● RECORDED DATA
____

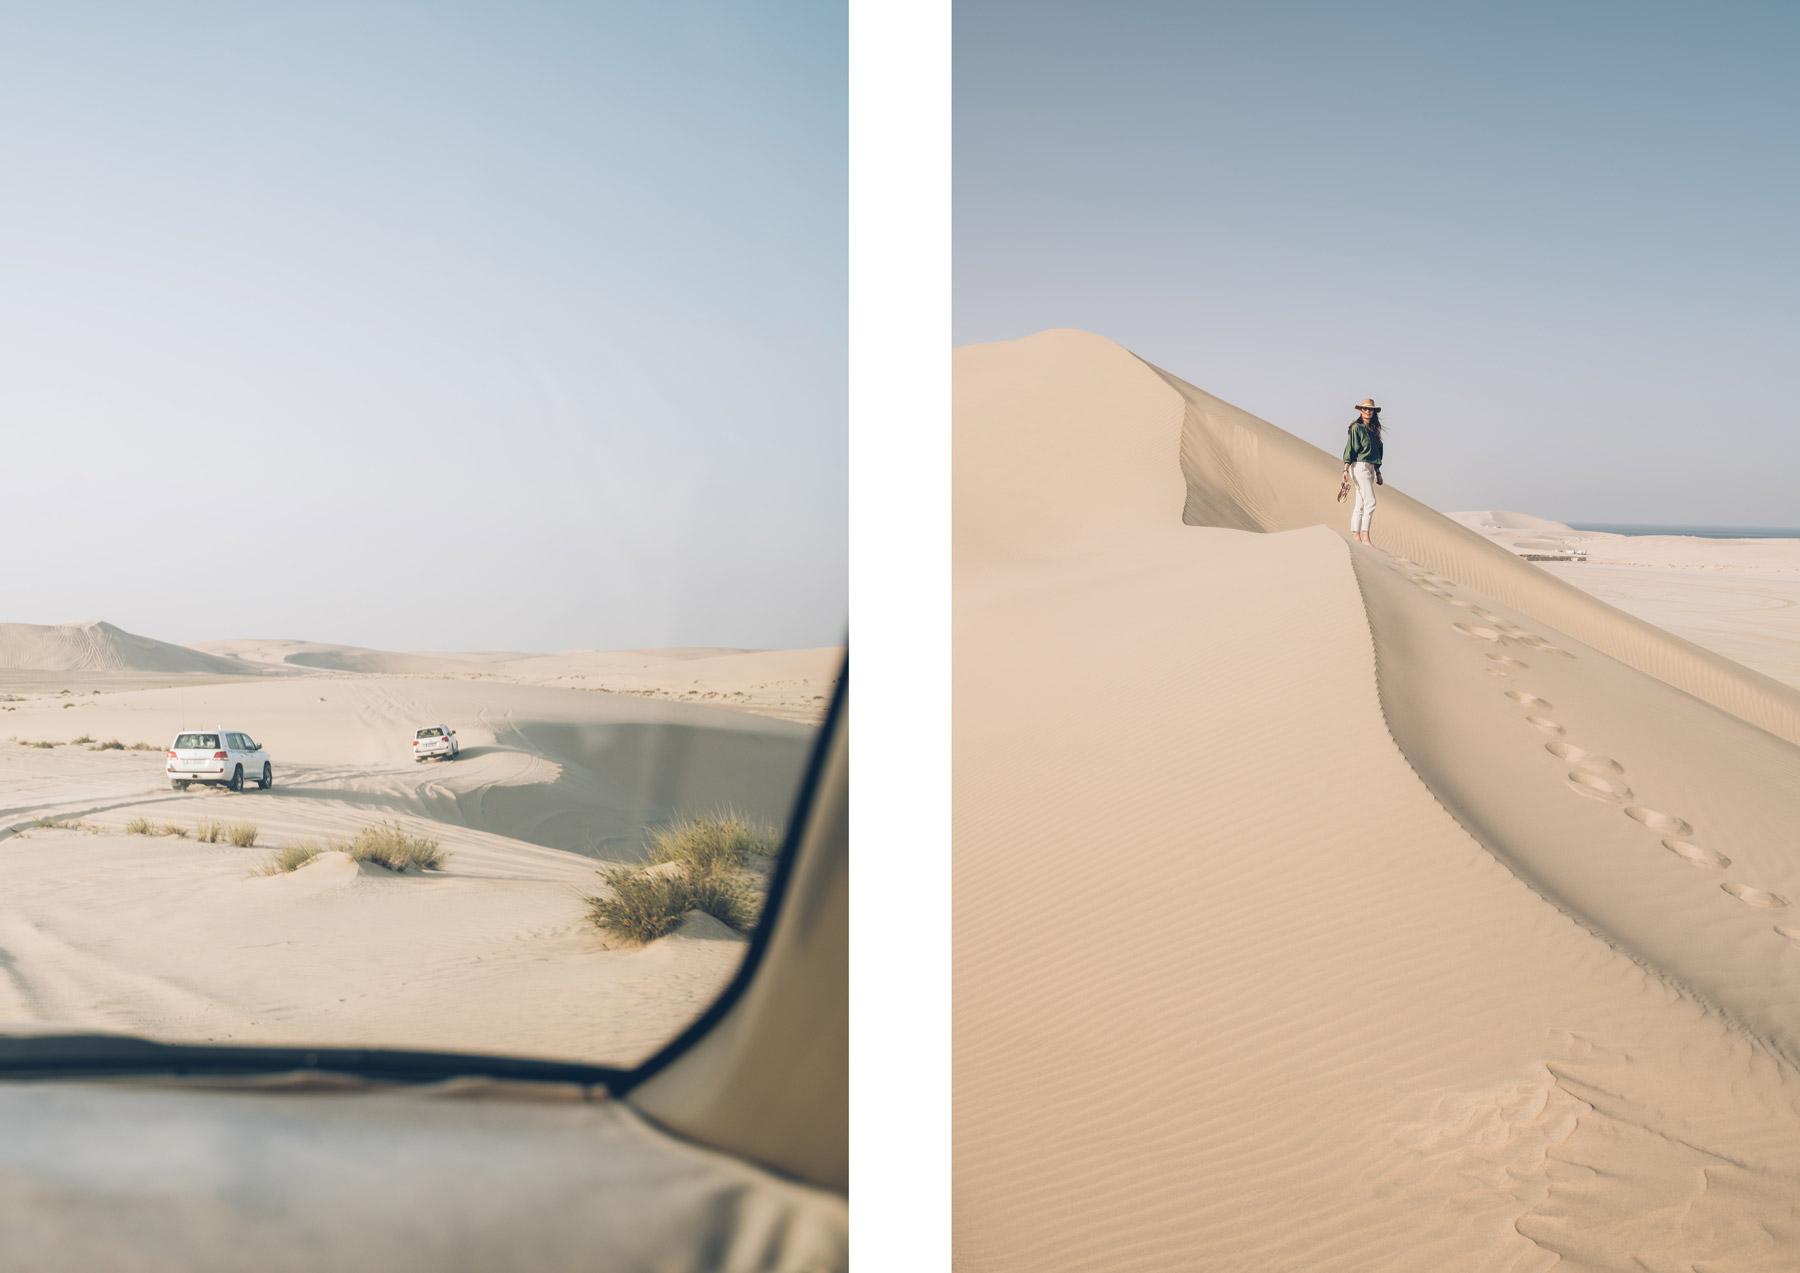 Dune de sable au Qatar
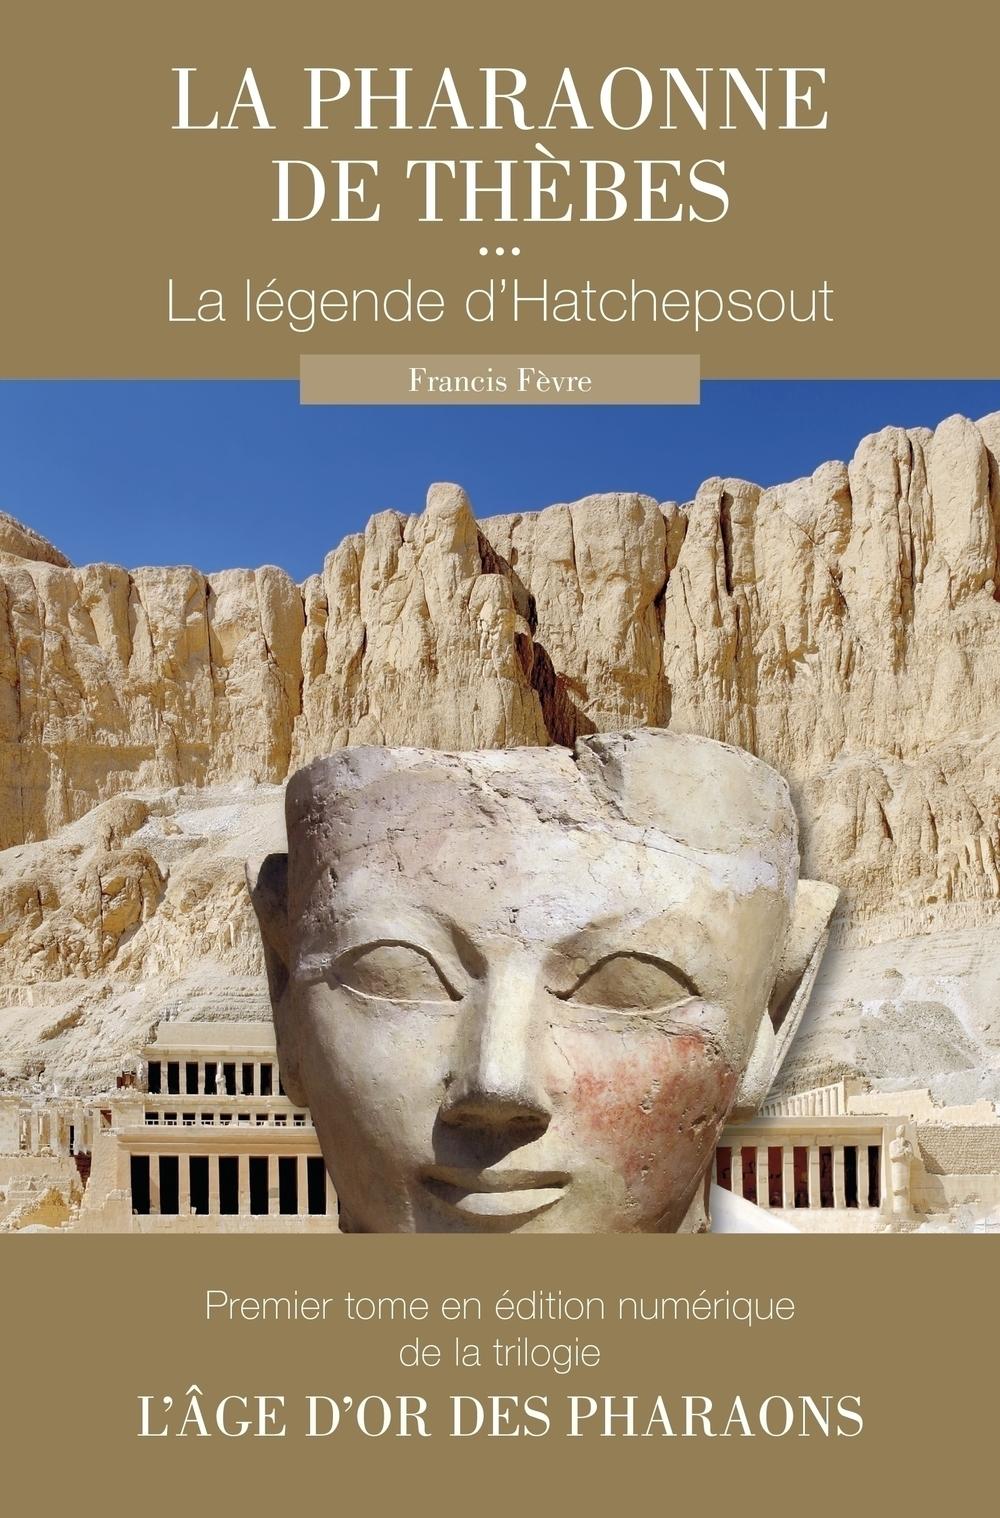 La pharaonne de Thèbes
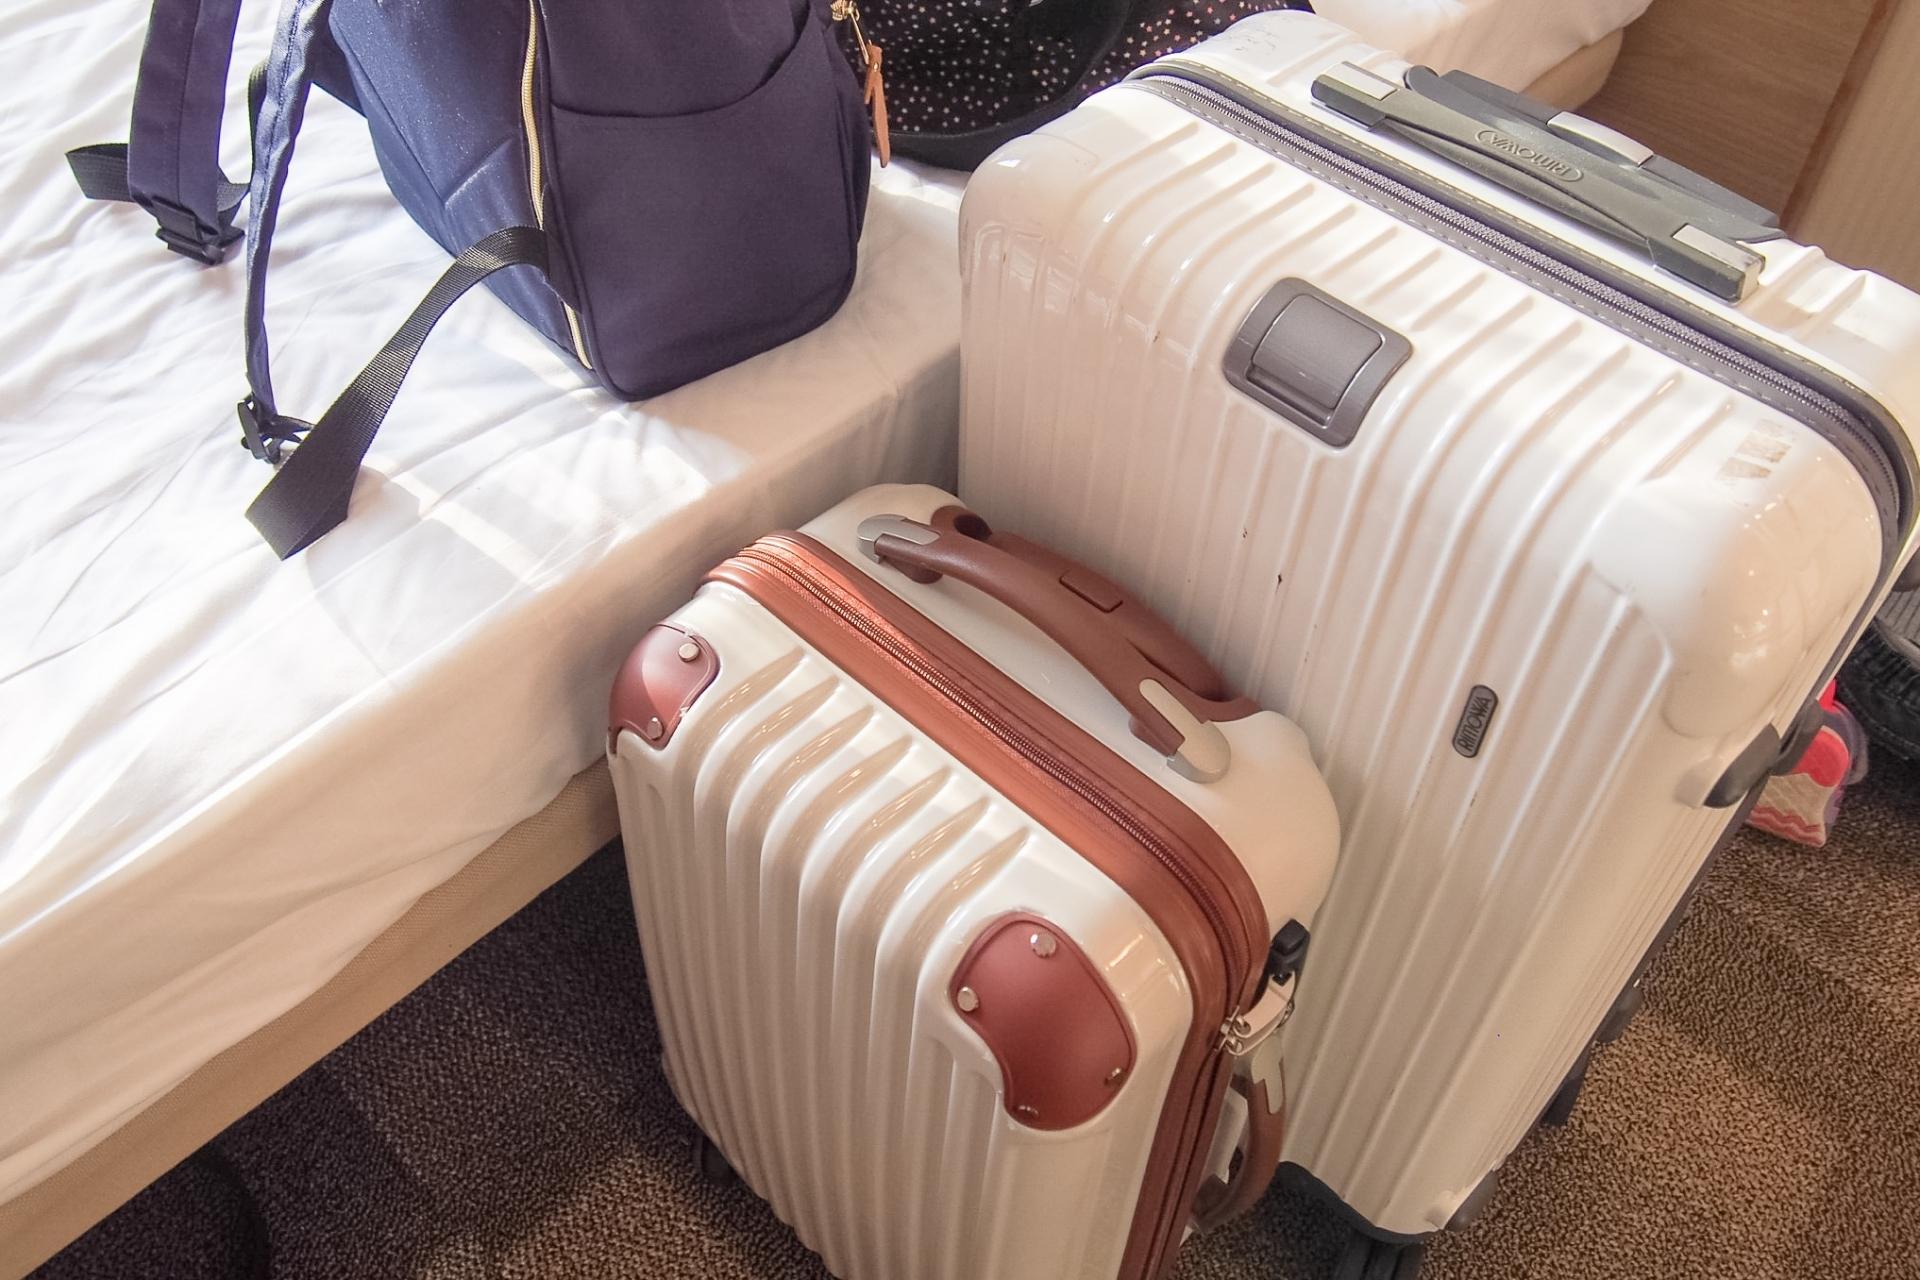 旅行に行く際の荷物をコンパクトにまとめるパッキング方法
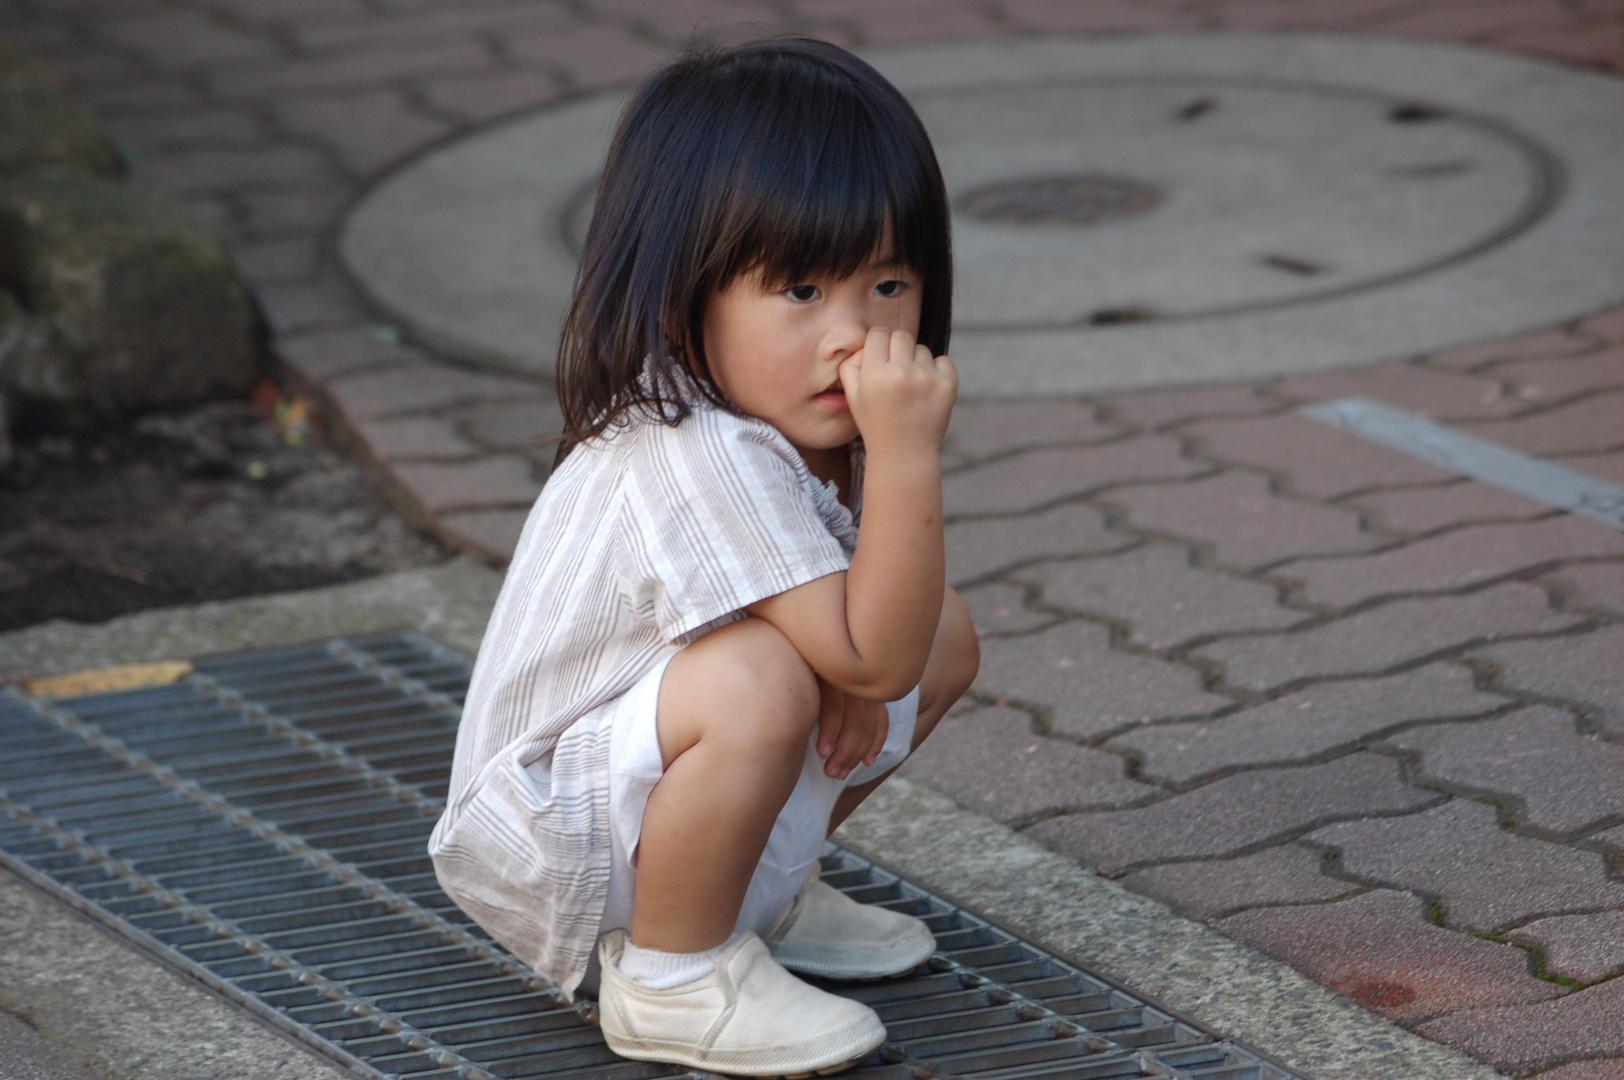 Kind in Tokyo

____

Print every line above once more, exactly. Omit the pictures.

● OUTPUT FOR THIS EXERCISE
 Dune de sable au Qatar
 La pharaonne de Thèbes
 旅行に行く際の荷物をコンパクトにまとめるパッキング方法
 Kind in Tokyo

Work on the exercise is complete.